== PROVIDED DATA ==

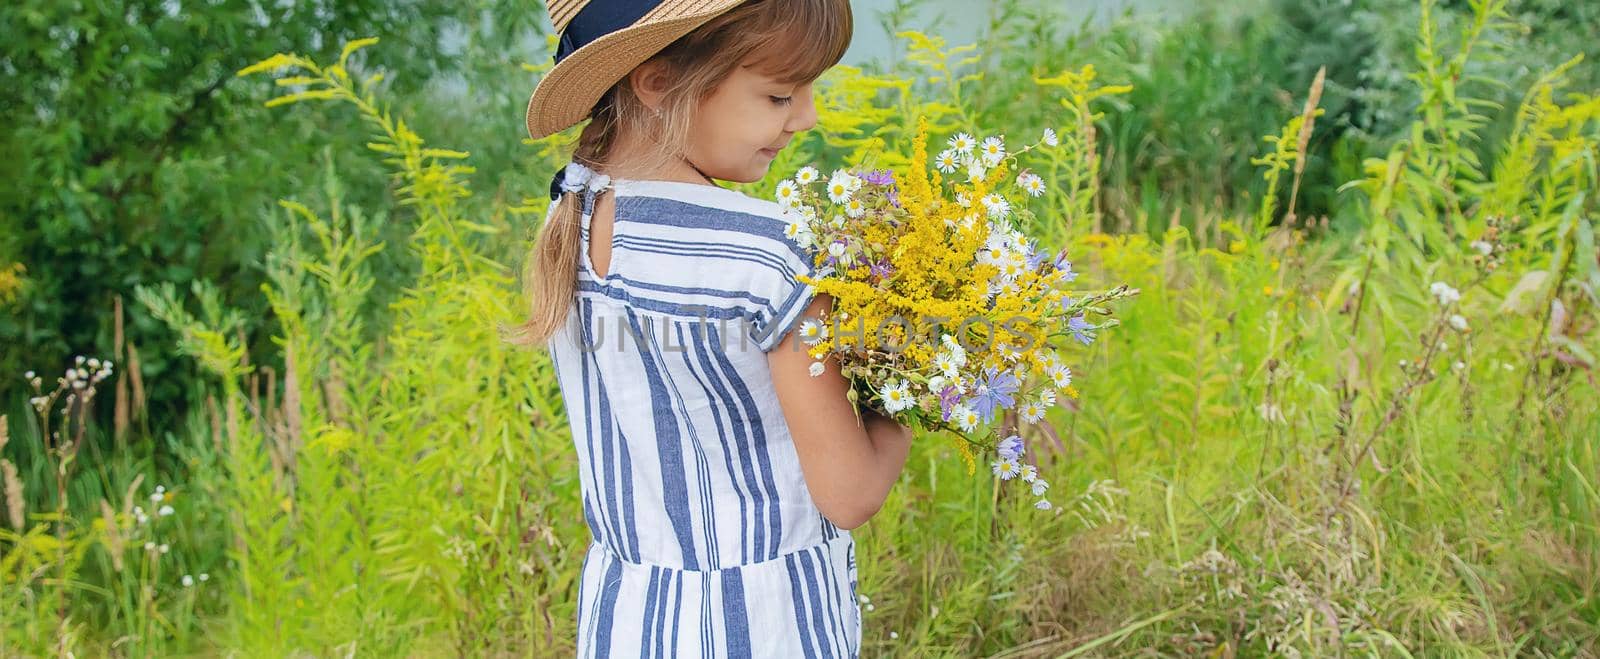 girl holding wildflowers in the hands of a child. Selective focus. by yanadjana
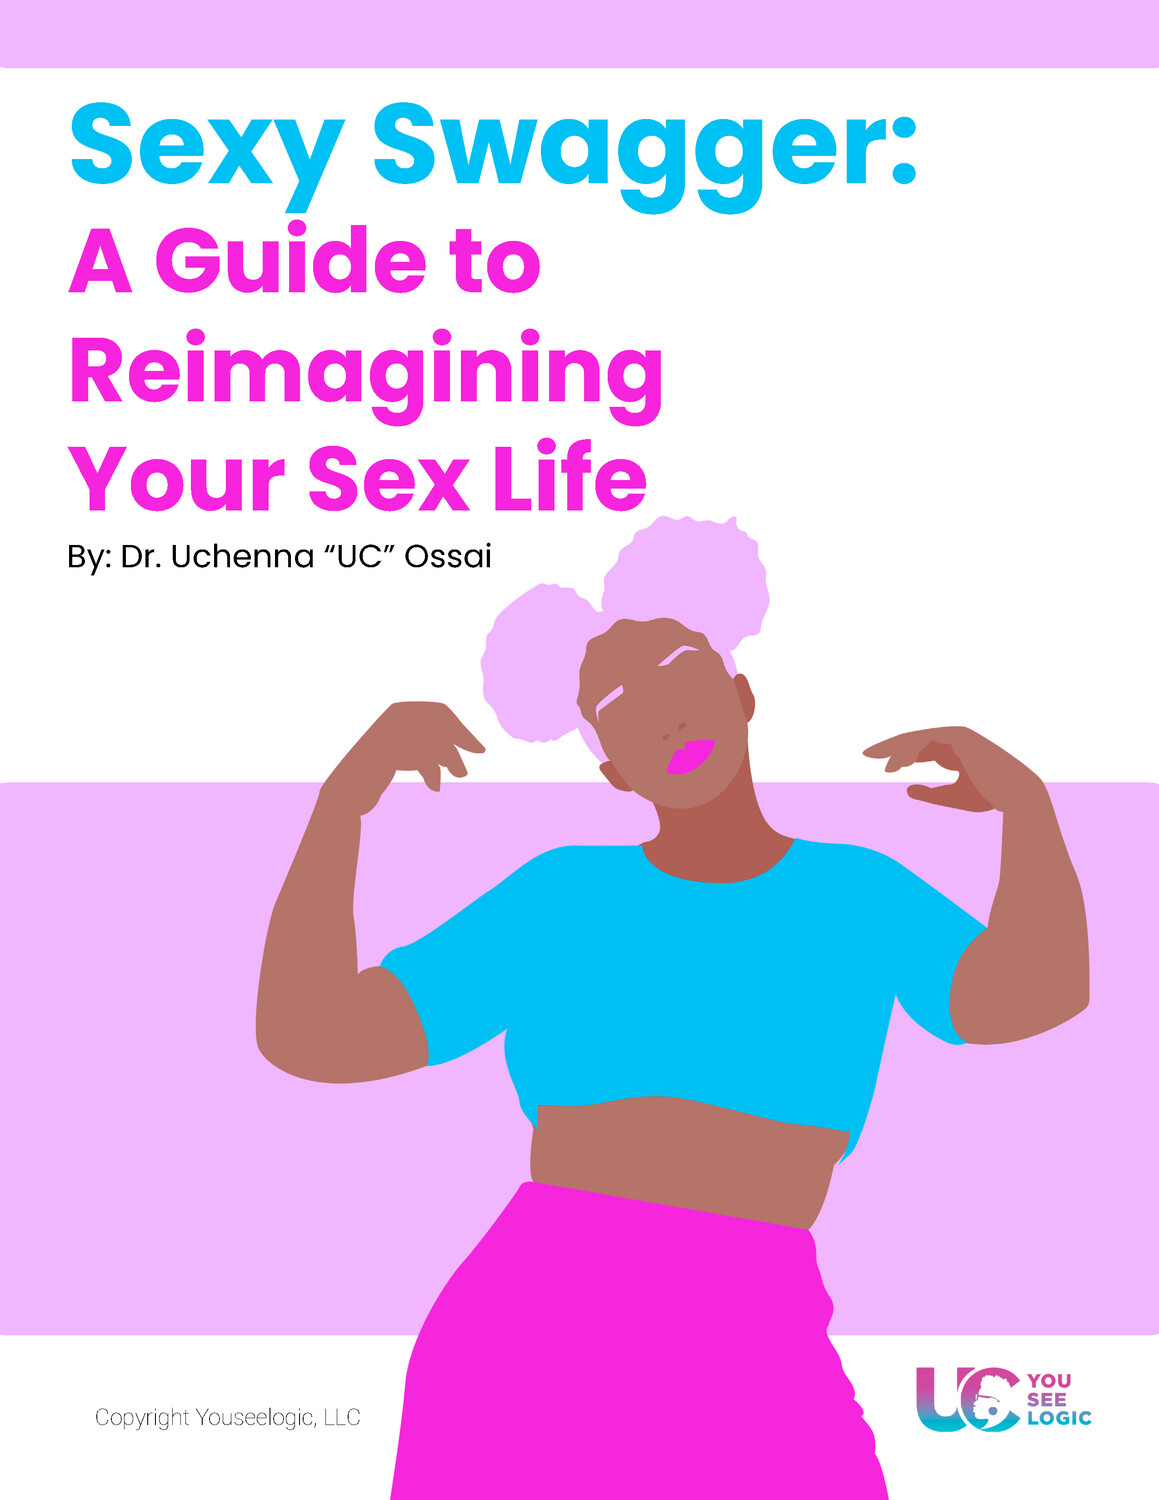 Sexy Swagger: A Guide to Reimagining Your Sex Life
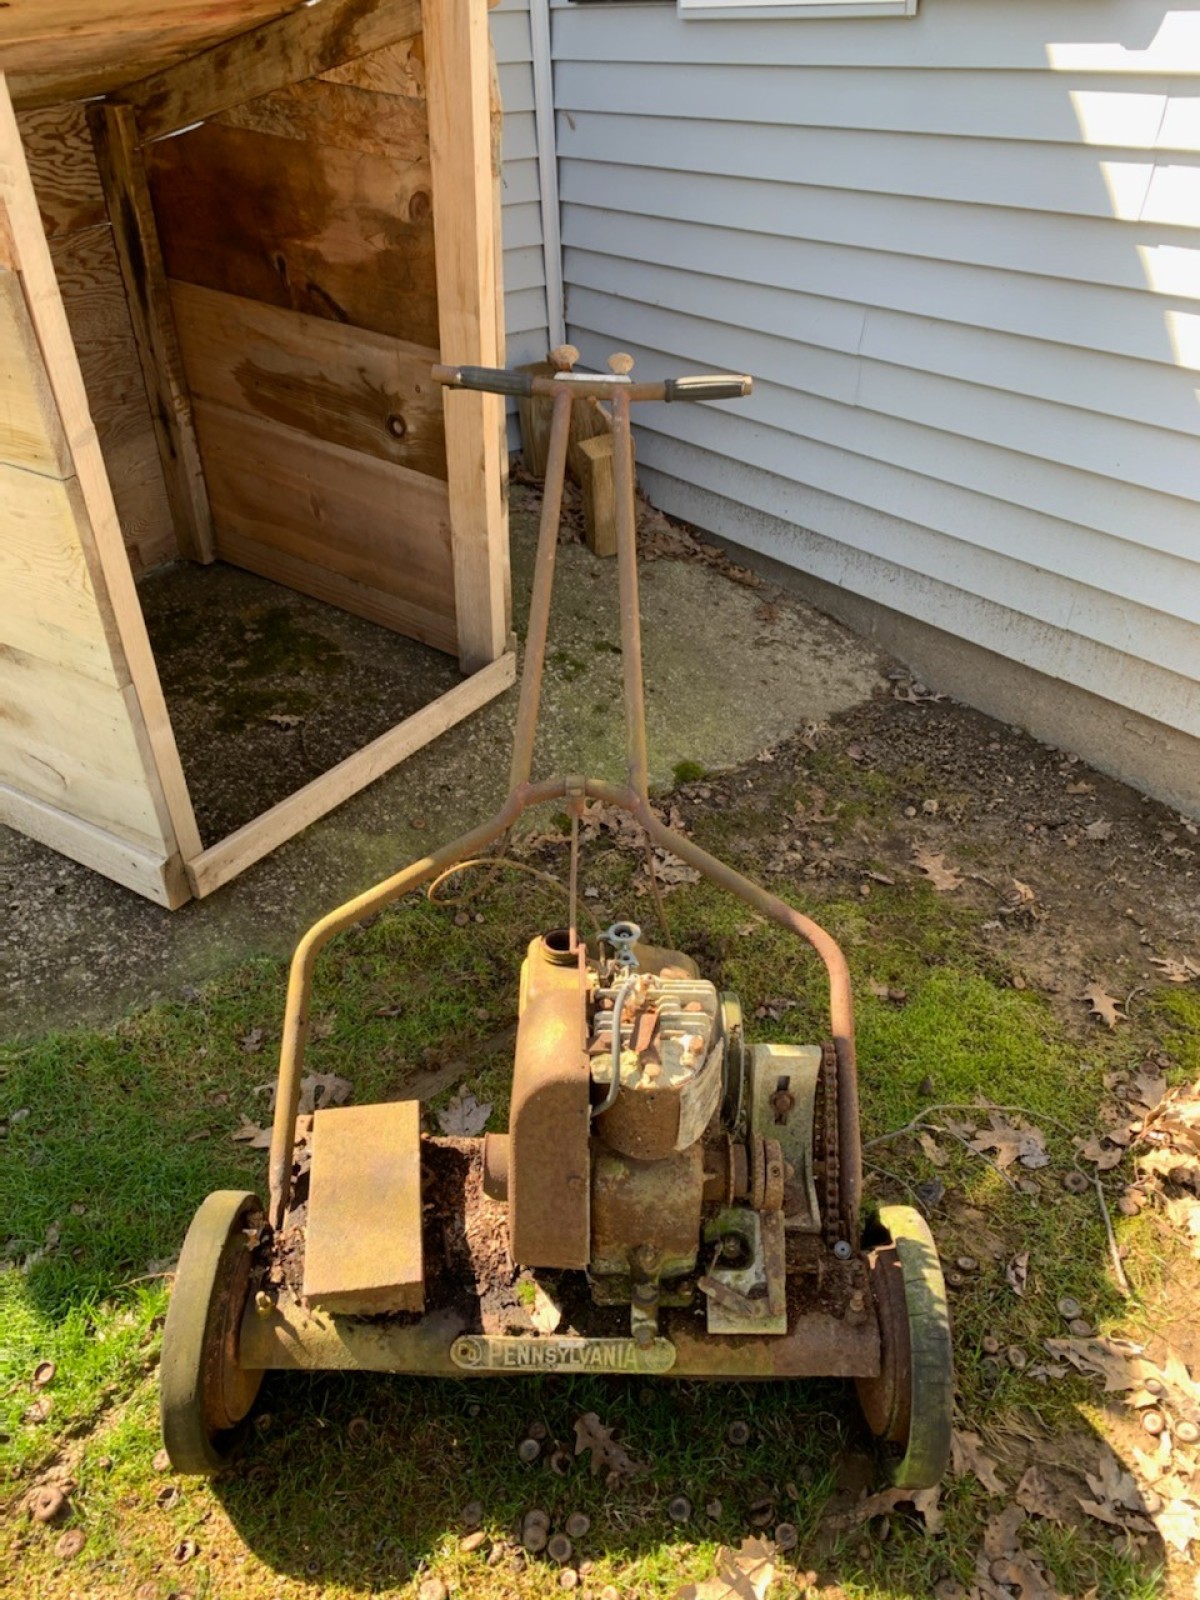 Vintage gas reel as a daily mower?

===

_TASK ITEM_
Please set down the whole listing above exactly and skip every picture.

_RESULT FOR THIS TASK_
 girl holding wildflowers in the hands of a child. Selective focus. by yanadjana
 Sexy Swagger: A Guide to Reimagining Your Sex Life
 Vintage gas reel as a daily mower?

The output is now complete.